Alright, so today was my first day on the wards at CHUK (Teaching hospital of Kigali). I came in and went to morning report where the residents present each admission from the weekend and management plans are discussed. The faculty are present and challenge the residents to defend their actions from the weekend. It kind of reminds me of “chairman’s rounds” at my hospital. The residents are the bomb. Can’t stress that enough. They are clinically very good and surgically very strong. They do c-hysts by themselves (a very difficult hysterectomy after a cesarean section for various indications). Attendings aren’t even present. CRAY. They also are forced to manage very complicated medical problems from TB, to DVTs, and a lot of HIV anti-retro viral therapy. Also, everyone has GTN. I was very impressed. It’s not your bread and butter gynecology. It’s the crazy stuff you see maybe once in your career back home or that a consultant manages that they see and deal with regularly. So after they presented the admissions over the weekend and plans were ironed out, they presented the ICU patients, and discussed the 3 deaths over the weekend.

I then started the morning with a tour by Liza. She’s the GYN ONC attending I mentioned earlier. She is still on faculty at Yale but has a contract through the HRH to come to this teaching hospital and do just that- teach. She is 100% here for the residents. She doesn’t have a clinic- her patients are resident patients. She does about 1 radical hysterectomy a week. THAT IS A LOT. There is a huge incidence of cervical cancer here. Naturally I have latched on to her and this is becoming a GYN ONC rotation. She’s exceptional.
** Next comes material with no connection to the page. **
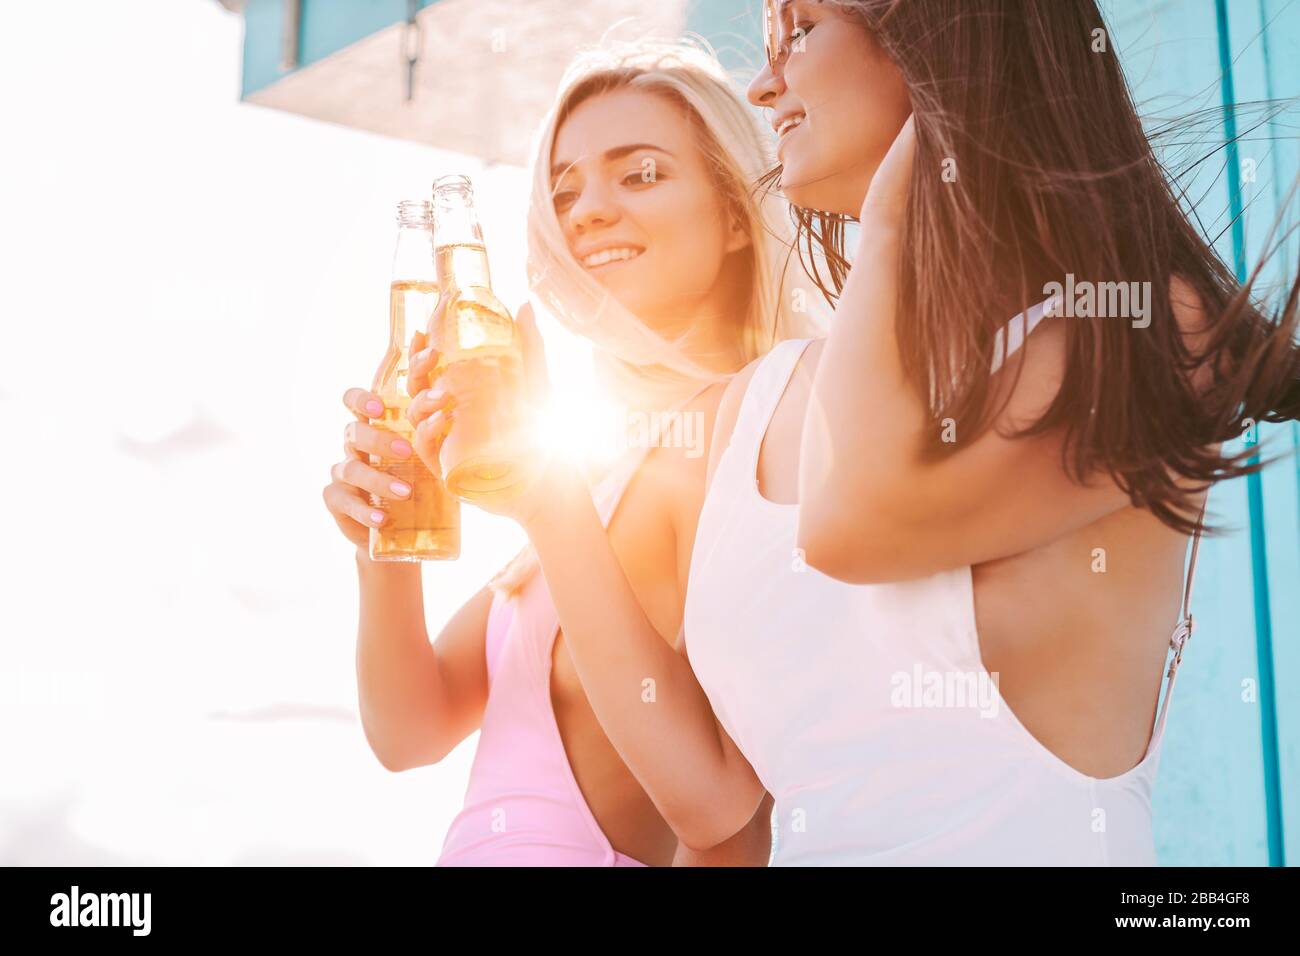 Portrait de deux belles filles acclamer et se posant avec des bouteilles de bière au bord de la mer. Jeunes femmes attrayantes amis boire de la bière froide et s'amuser Banque D'Images

She essentially dropped her practice in the states to move to Rwanda and train the residents. Selfless much?

In any case after my grand tour of all the wards I waited to round with the GYN team. The wards are pretty standard with a few variations: wards 1-3 are Obstetrics – L&D, antepartum, postpartum. Of course there is a triage. Wards 4-6 are GYN. There’s also a special ward for “dirty wounds” so all the patients with wound complications and infections go there. There are 3 ORs. 1 for OB, another for GYN, and another for infected patients for wash outs etc.

I rounded with the residents and Liza on the GYN patients which was essentially an oncology service. Then the residents dispersed. I learned quite a bit about the healthcare system here- there is healthcare system that costs somewhere around US 35 dollars for a 4 person family and patients pay a 10% copay if they need a service. They can pay a little extra if they want to see a faculty attending. There were no cases so I read up on some of the patients and then went home to run some errands. One thing I love about Rwanda is that it is so incredibly safe. People say that all the time, but really- it is. I walked 30 mins to and from town to exchange money to pay back my beer tab and it was totally fine. Phone in hand walking down the street and not a single person bothered me. I exchanged some US dollars for Rwandan francs and bought some trinkets in the gift shop. Then I made the trek back home in the dark which went smoothly. I went back and paid my beer balance off with the lady next door, I tried to give her a little extra for her kindness but she insisted I give her only what is owed.